Here, we propose that, with the progress of institutional reform, the value of the state's helping hand will diminish and the ‘grabbing hand’ deficiencies of weak SOE governance will become increasingly salient. Several analysts suggest that inherent governance deficiencies have begun to surface in the ranks of SOE business groups. Initial reforms successfully cultivated a dynamic market orientation in the senior management of many enterprises. Charismatic chief executive officers who are closely identified with the rise of the particular enterprise have become a common phenomenon in China. Yet within a relatively short period of time, these powerful CEOs have become entrenched in their positions and are difficult to dislodge, even as the performance of their enterprise deteriorates (Clarke, 2003). Lin (2001) argues that officials who hold monitoring positions have few incentives to pursue their duties with any real vigour; heads of state ministries and senior bureaucrats are compensated according to standardized public sector payment systems that bear no relationship to the performance of the SOEs under their control. Lin (2001) concludes that the supervision of state firms is beset with serious moral hazard problems.
Hahn and Lee (2006) propose that, due to inadequate supervision, business groups are characterized by large-scale asset diversion as managers seek to shield more valuable assets. Within these non-transparent insider structures, it is likely that senior managers may engage in self-serving behaviour, such as taking perks or extracting rents for personal use. Hence, while business group governance of SOEs may have filled ‘ownership voids’ (Ma et al., 2006) during the early stages of reform, we suggest that inadequately monitored SOE managers subsequently exploited these voids in a manner that negatively impacts firm performance.
Further, the protected SOE business environment has liberalized.
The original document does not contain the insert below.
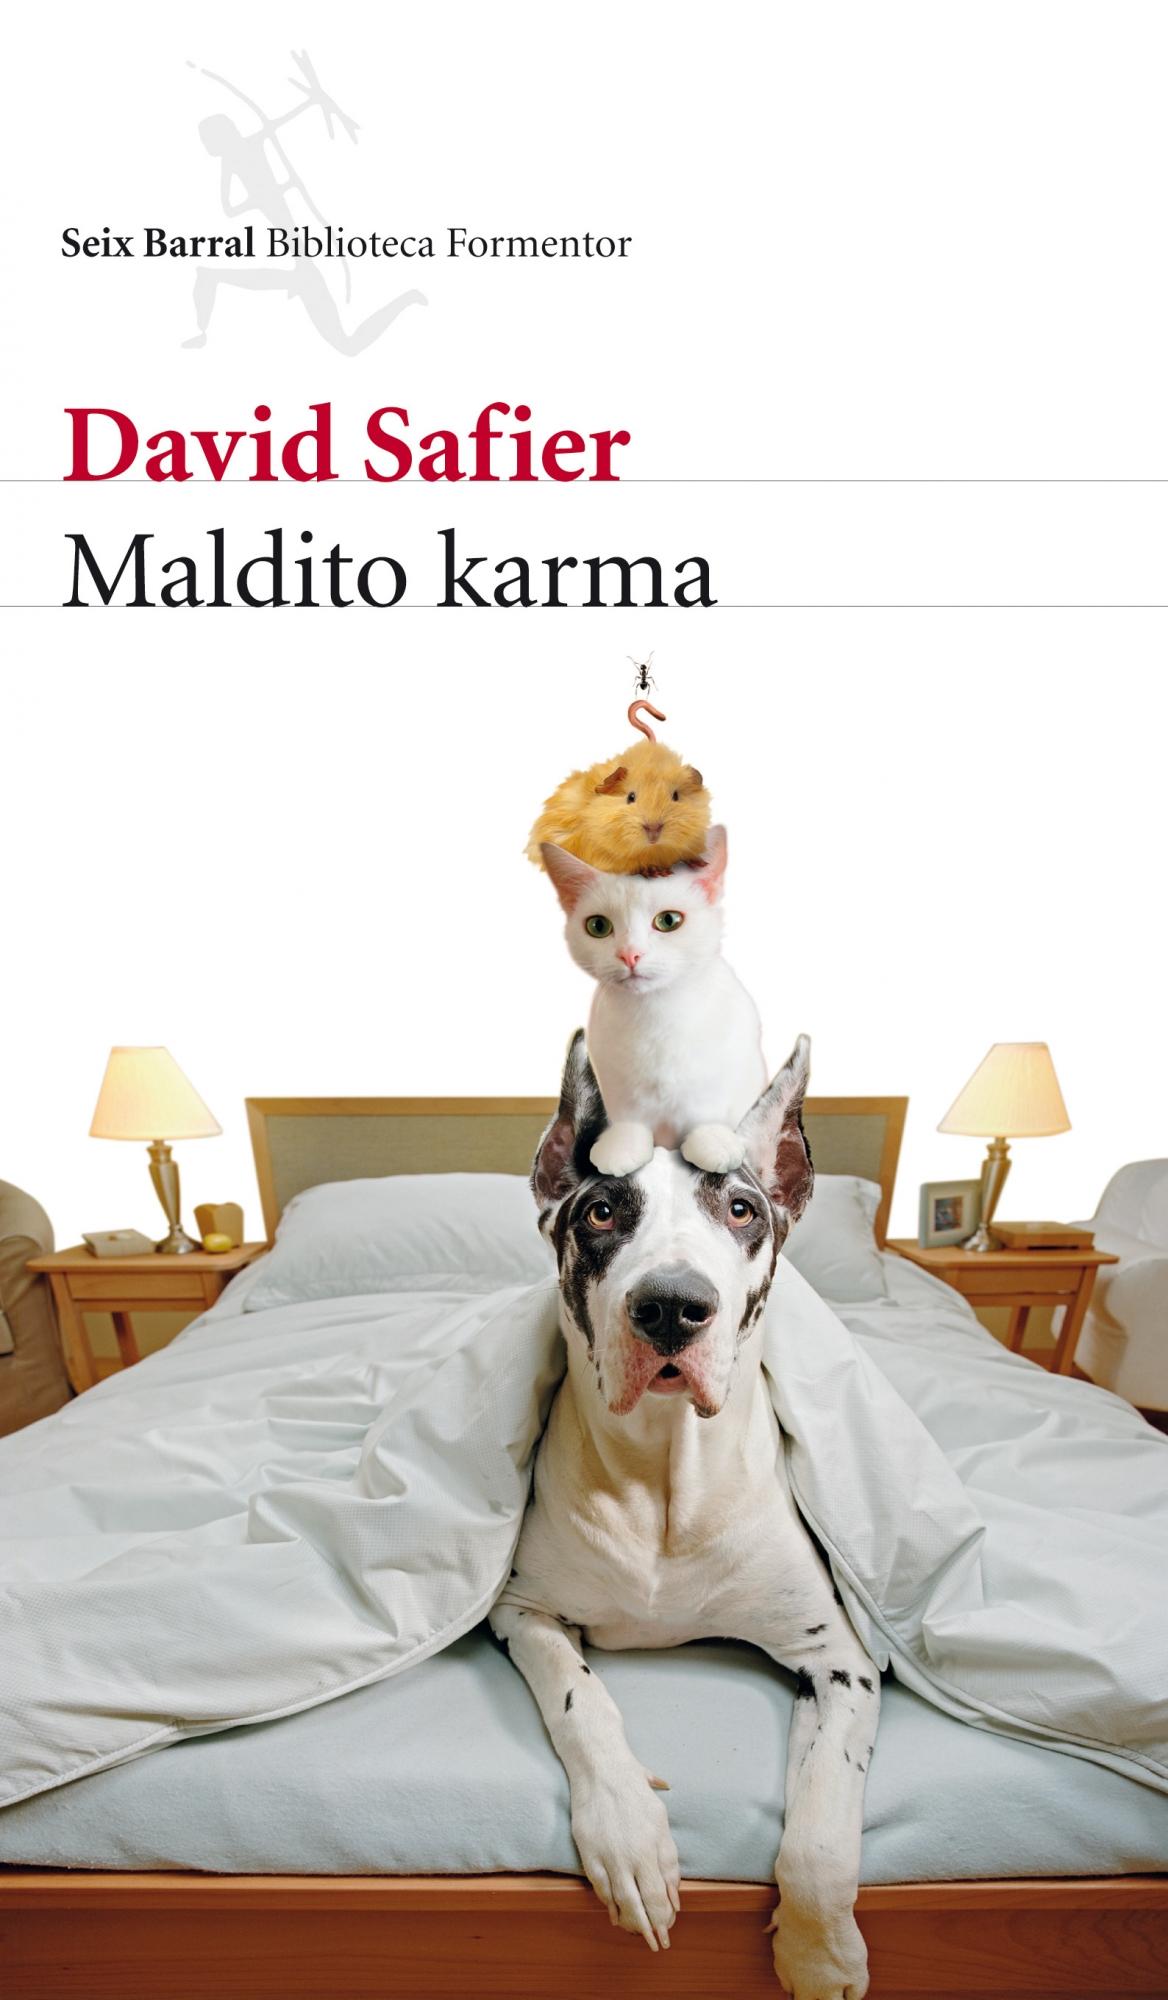 libro-ebook-maldito-karma-david-safier

Specifically, whereas state-owned business groups had previously enjoyed favourable access to financial resources and protection from competition prior to the 1997–1998 Asian financial crisis, thereafter, the government began to tighten their soft budget constraints. Product market competition sharpened due to the gradual dismantling of competitive restrictions in sectors previously reserved for national champions. The confluence of these contextual effects suggests a ‘negative amplification’ effect:
Hypothesis 6a: In later stages of reform, the performance impact of group affiliation will decrease if the firm is affiliated with an SOE-owned business group.
Hypothesis 6b: In later stages of reform, the performance benefits of SOE affiliation will decrease with the ownership stake of the state.